* _PROVIDED DATA_:
..............................

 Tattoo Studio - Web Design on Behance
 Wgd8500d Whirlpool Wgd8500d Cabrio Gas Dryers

..............................

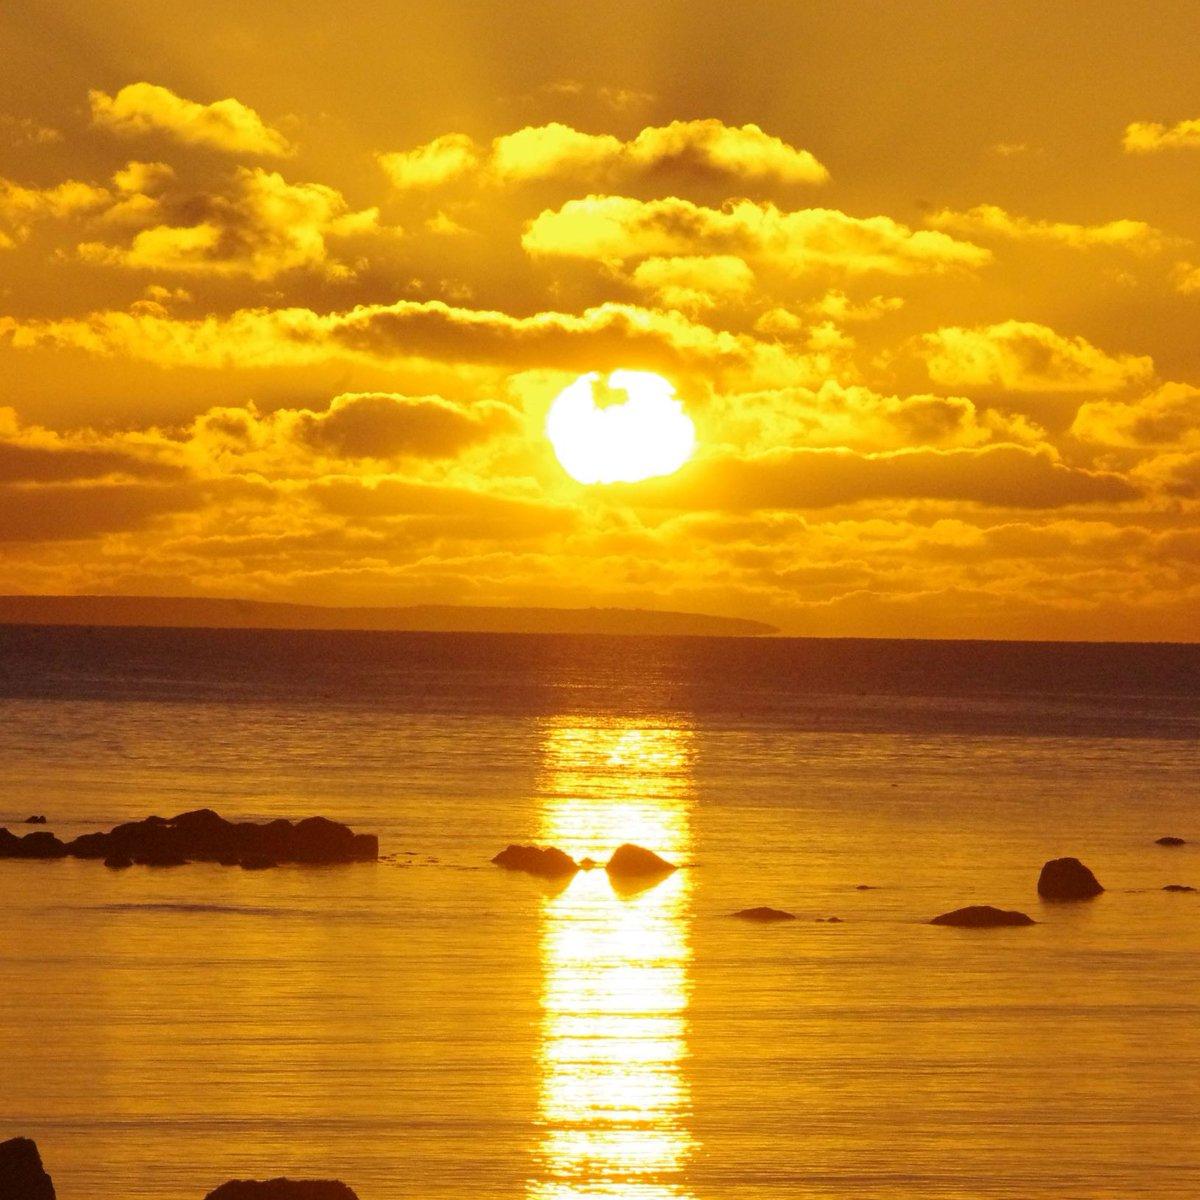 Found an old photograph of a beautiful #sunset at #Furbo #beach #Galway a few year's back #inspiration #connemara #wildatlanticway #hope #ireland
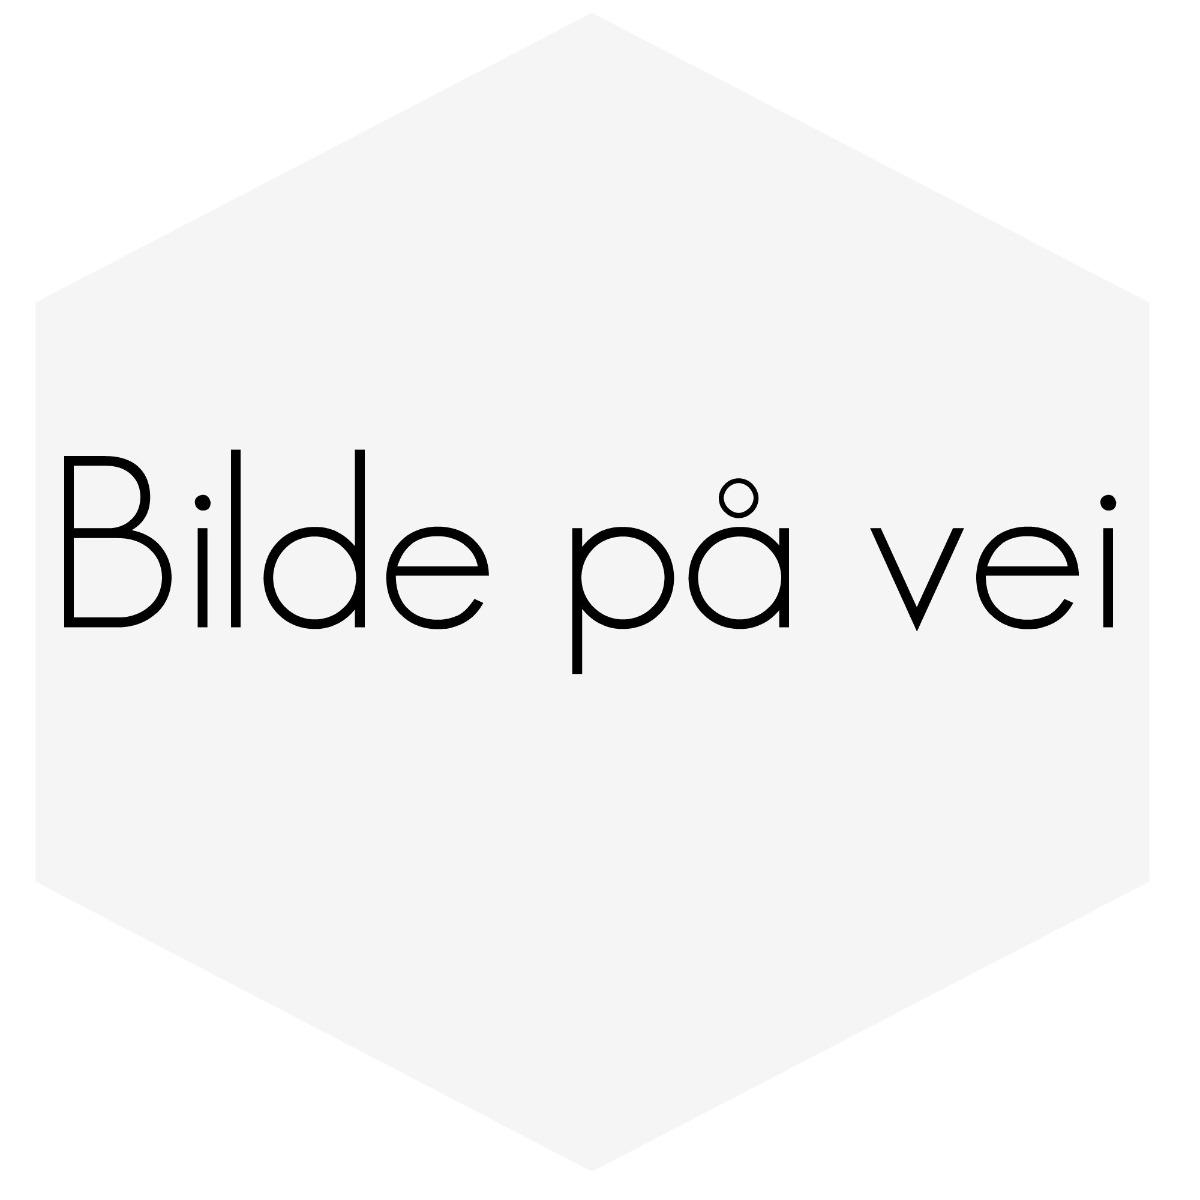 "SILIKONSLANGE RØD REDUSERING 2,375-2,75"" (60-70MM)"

..............................

* _YOUR TASK_: In the material above, find the line containing "Tattoo Studio - Web Design on Behance" and the line containing "Wgd8500d Whirlpool Wgd8500d", then write out exactly those two lines and every line between them, and nothing more.

* _TASK OUTPUT_:
 Tattoo Studio - Web Design on Behance
 Wgd8500d Whirlpool Wgd8500d Cabrio Gas Dryers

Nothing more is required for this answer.